SAIM5150 - Dividends and other company distributions: stock dividends: introduction
‘Stock dividends’ are taxable as income
‘Stock dividend’ is a term often used to describe the case where a company, particularly a quoted company, offers its shareholders the option of receiving additional shares in lieu of a cash dividend, or as bonus share capital. This may be advantageous to the shareholder, who can avoid the dealing costs involved in buying fresh shares in the company, and may be preferable to the company which does not have to pay out cash. ‘Stock dividends’ may also be referred to as ‘scrip dividends’ or ‘bonus issues’.
Stock dividends are treated as income by virtue of CTA10/S1049, and taxable as savings income under Chapter 5 of Part 4 of ITTOIA05 (sections 409 to 414).

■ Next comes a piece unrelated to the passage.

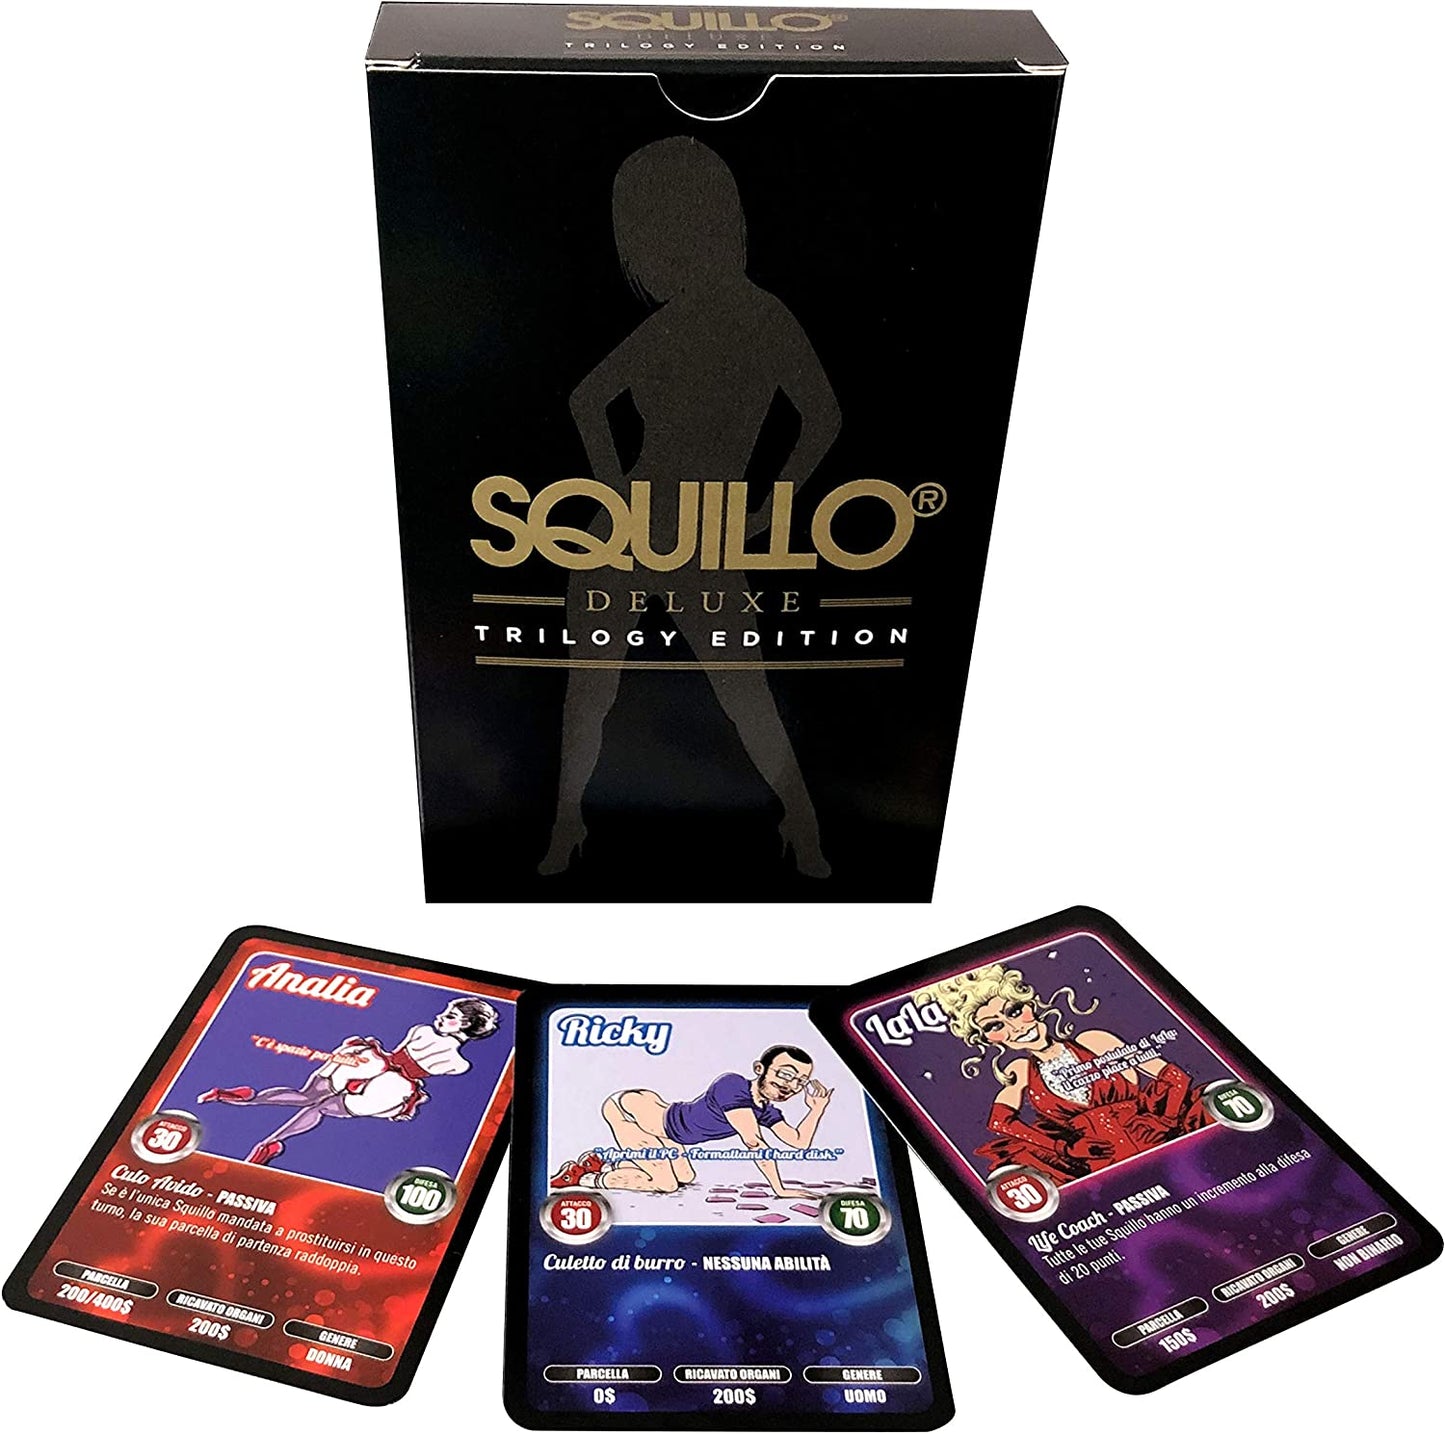 Squillo Deluxe Trilogy Edition
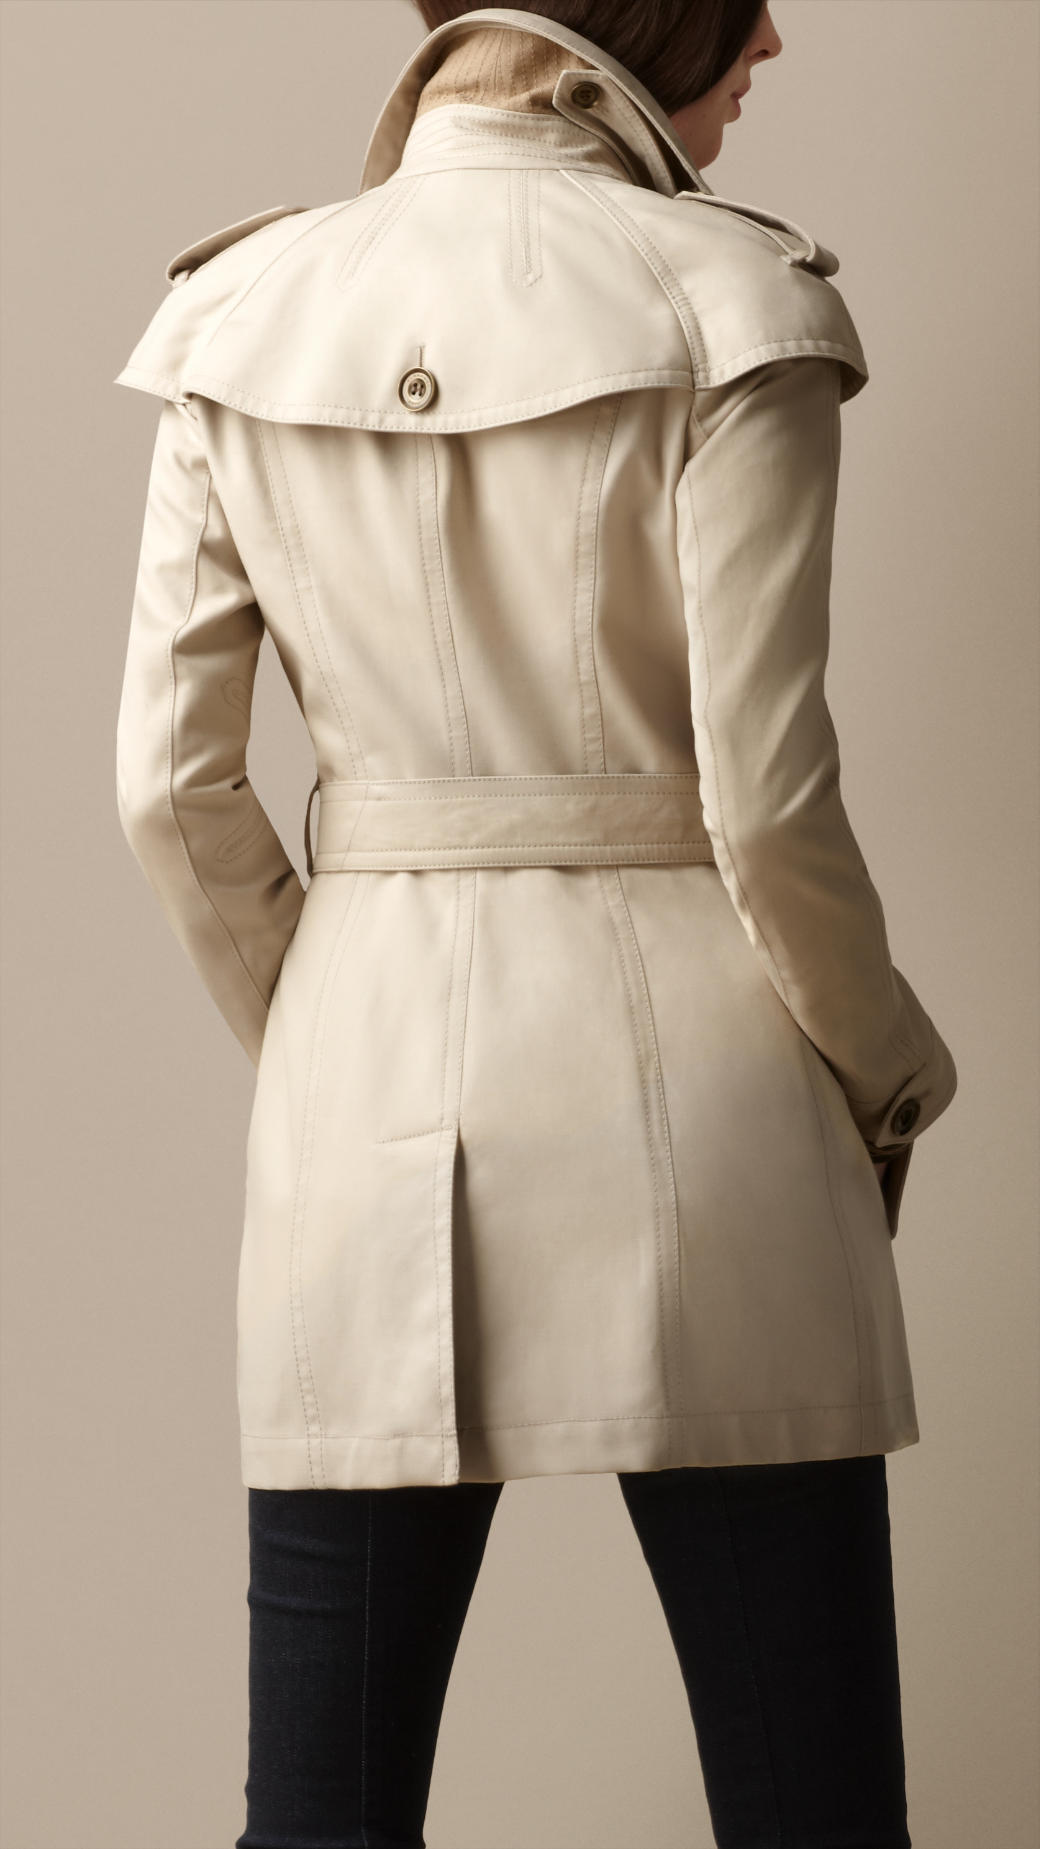 Lyst - Burberry Cape Detail Trench Coat in Natural

Meaning of ‘stock dividend income’
ITTOIA05/S409 imposes a tax charge on ‘stock dividend income’. ITTOIA05/S410 defines ‘stock dividend income’ as arising if a UK resident company issues share capital in the following circumstances:
- Share capital issued as a result of the shareholder exercising an option to choose whether to receive an ordinary cash dividend or additional share capital (CTA10/S410(1)(a)).
- ‘Bonus share capital’ issued in respect of shares which, under their terms (whether original or otherwise), carry the right to bonus share capital (CTA10/S410(1)(b)).
Not all bonus issues are stock dividends
The stock dividend rules do not apply to the normal bonus issue that a company makes, which involves the capitalisation of reserves and allotment to shareholders of bonus shares pro-rata to existing holdings. Such a bonus issue arises from a specific resolution and not from the terms of the shares themselves. CTM17005 explains this in more detail. From the point of view of the shareholder, the difference is that the higher rate income tax charge is under Chapter 3 of Part 4 ITTOIA05 in respect of non-qualifying distributions of bonus shares, and under Chapter 5 of Part 4 in respect of stock dividends.